◆ **What you need to do**
Please find the line that holds "5 октября 1992" below and reproduce it, along with every line after it through the end, exactly and without pictures.

◆ **Recorded information**
▬▬▬▬▬▬

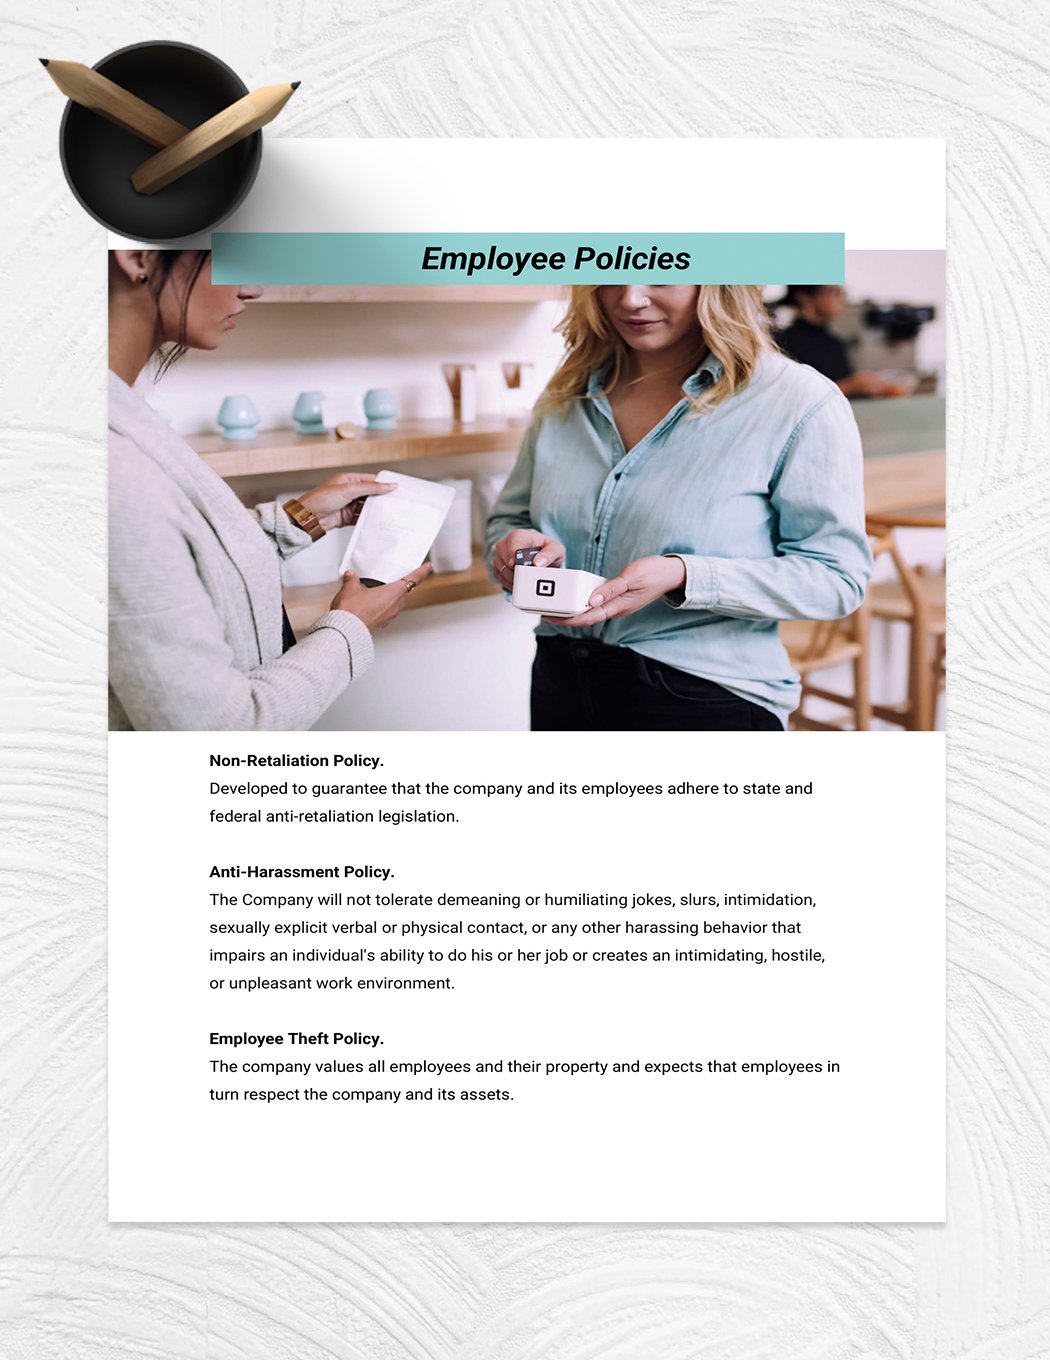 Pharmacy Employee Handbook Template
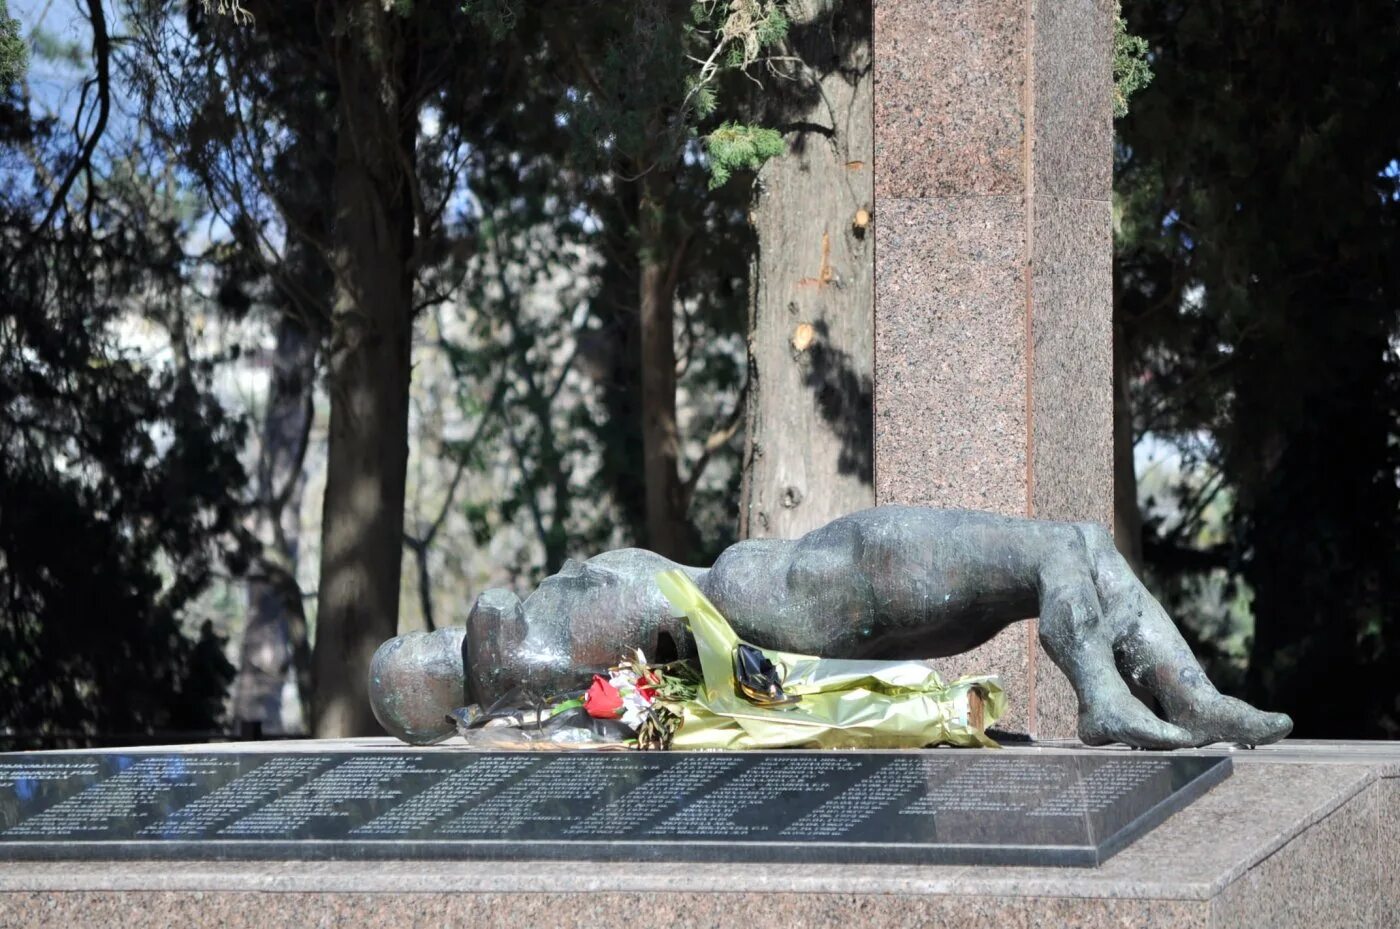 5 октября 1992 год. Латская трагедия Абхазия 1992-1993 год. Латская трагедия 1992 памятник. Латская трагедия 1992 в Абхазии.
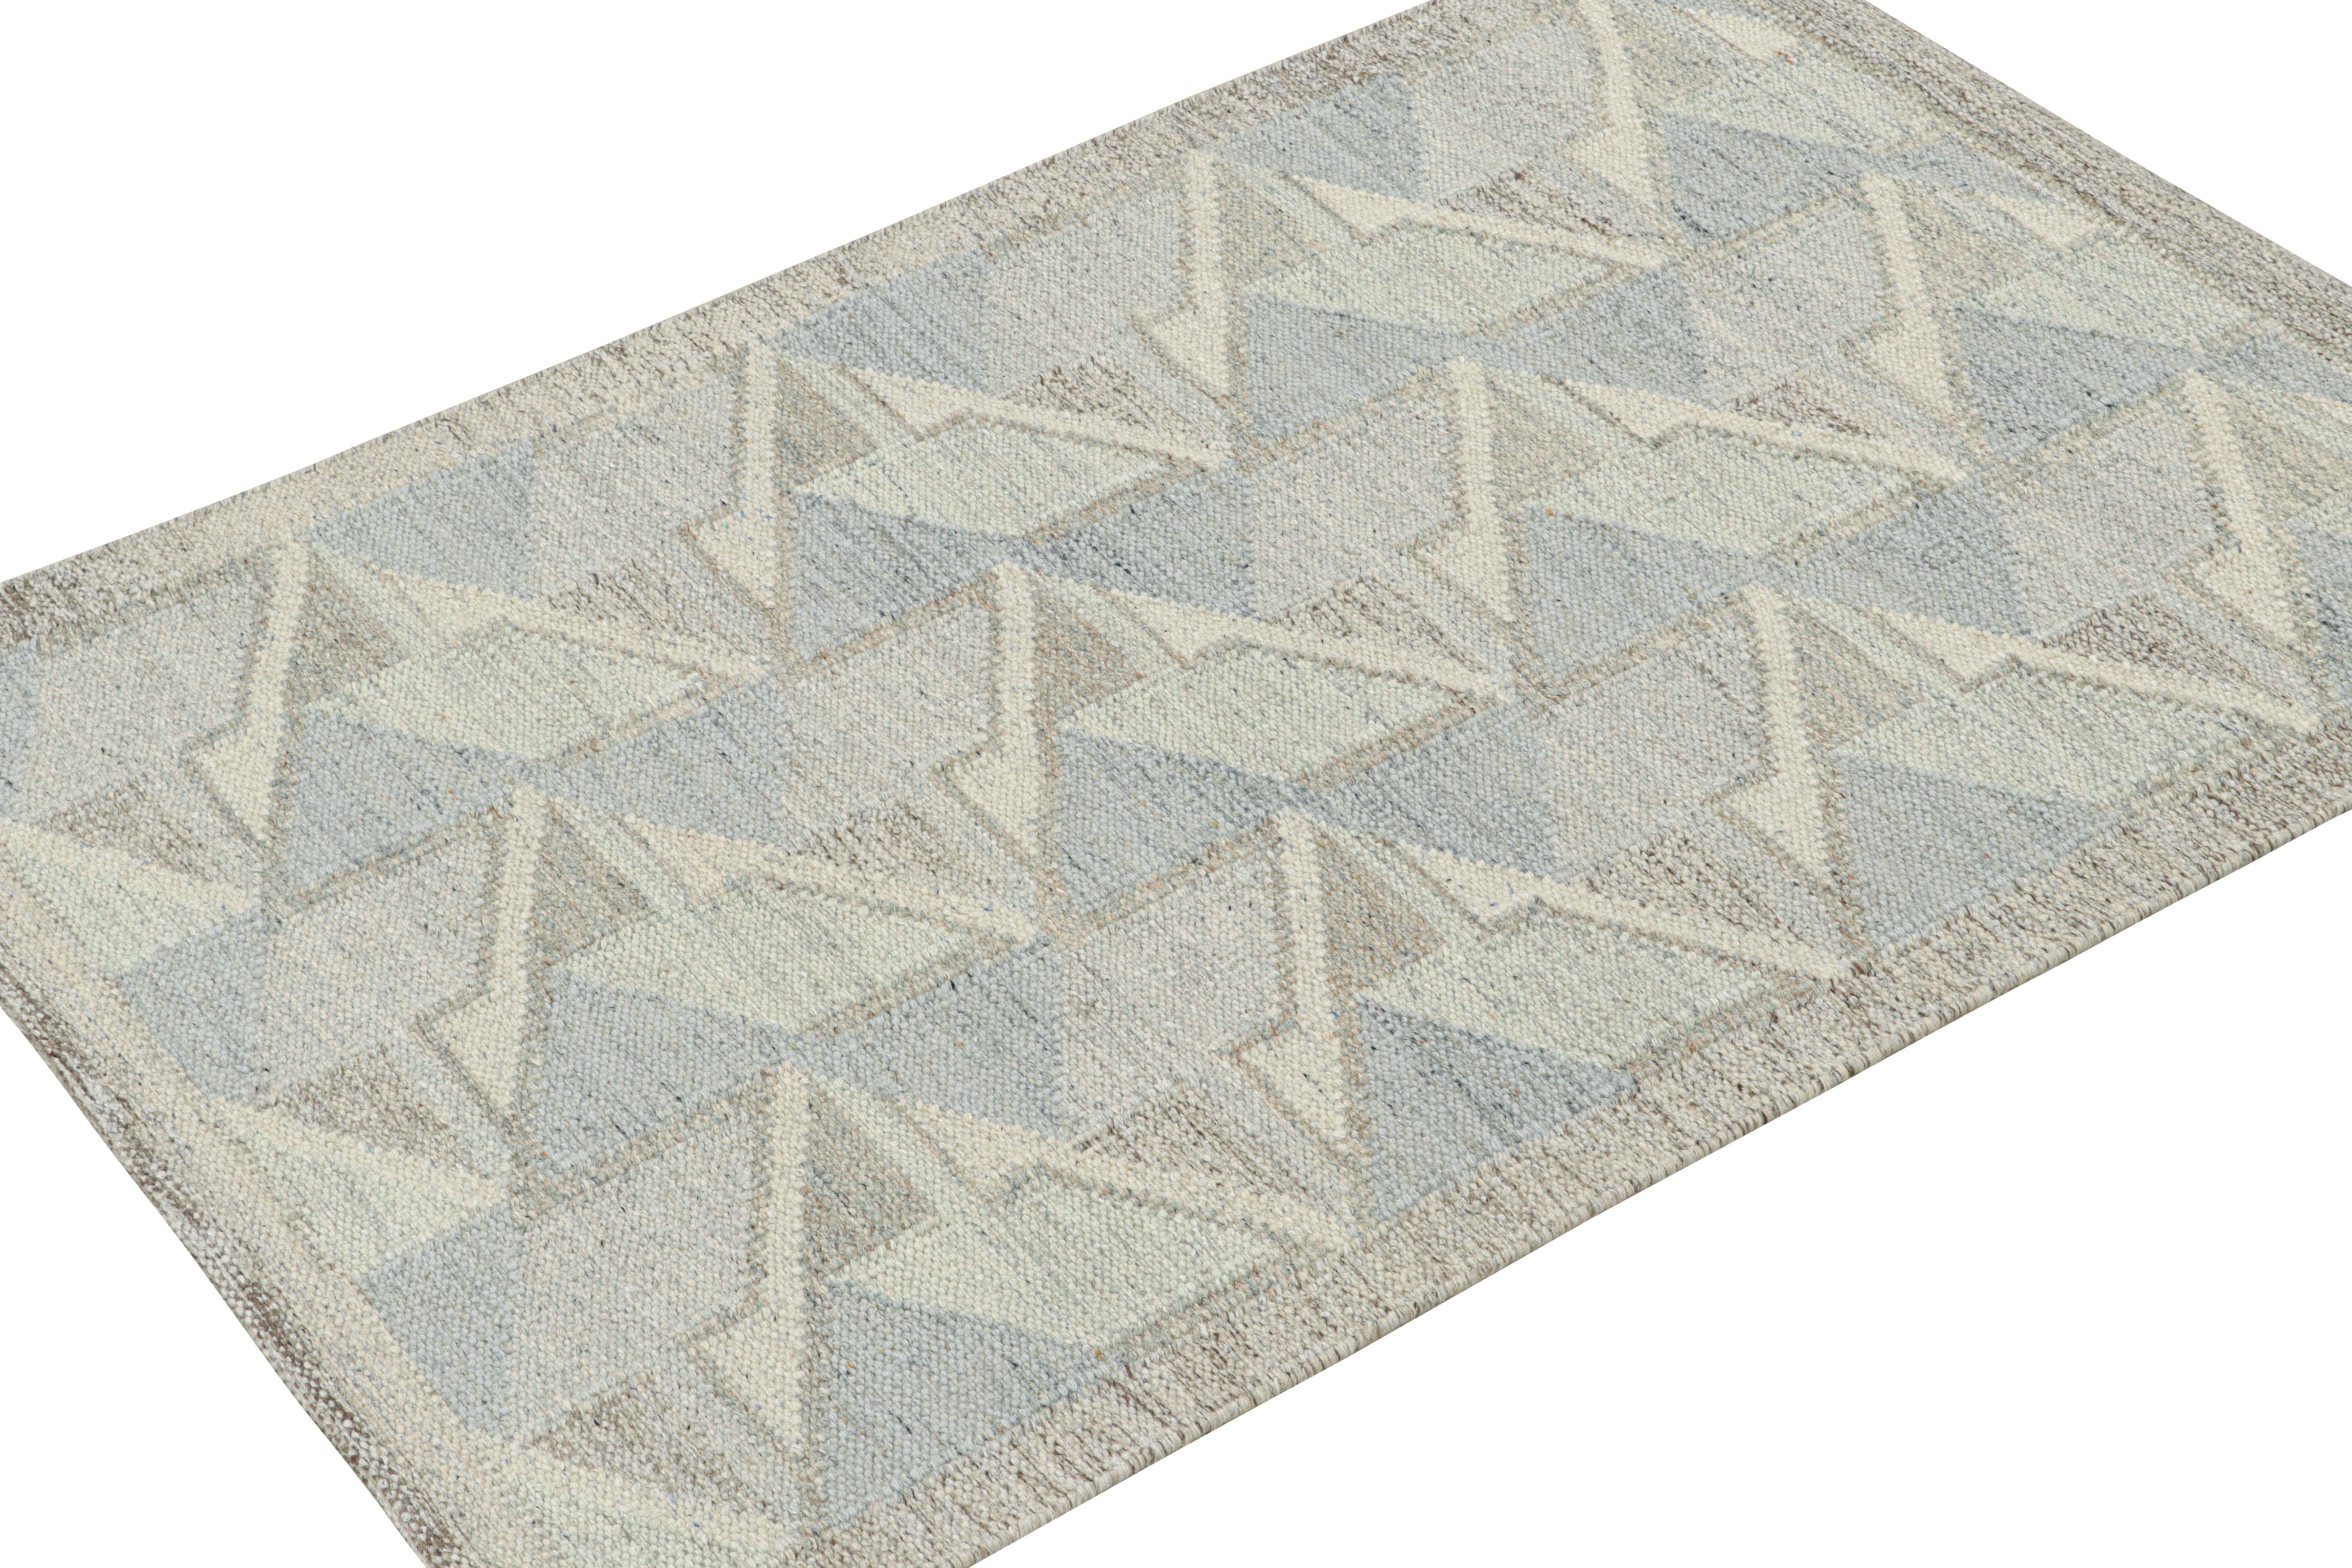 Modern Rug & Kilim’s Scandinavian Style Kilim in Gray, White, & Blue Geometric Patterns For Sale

▬▬▬▬▬▬

◆ **The answer**
 5 октября 1992 год. Латская трагедия Абхазия 1992-1993 год. Латская трагедия 1992 памятник. Латская трагедия 1992 в Абхазии.
 Modern Rug & Kilim’s Scandinavian Style Kilim in Gray, White, & Blue Geometric Patterns For Sale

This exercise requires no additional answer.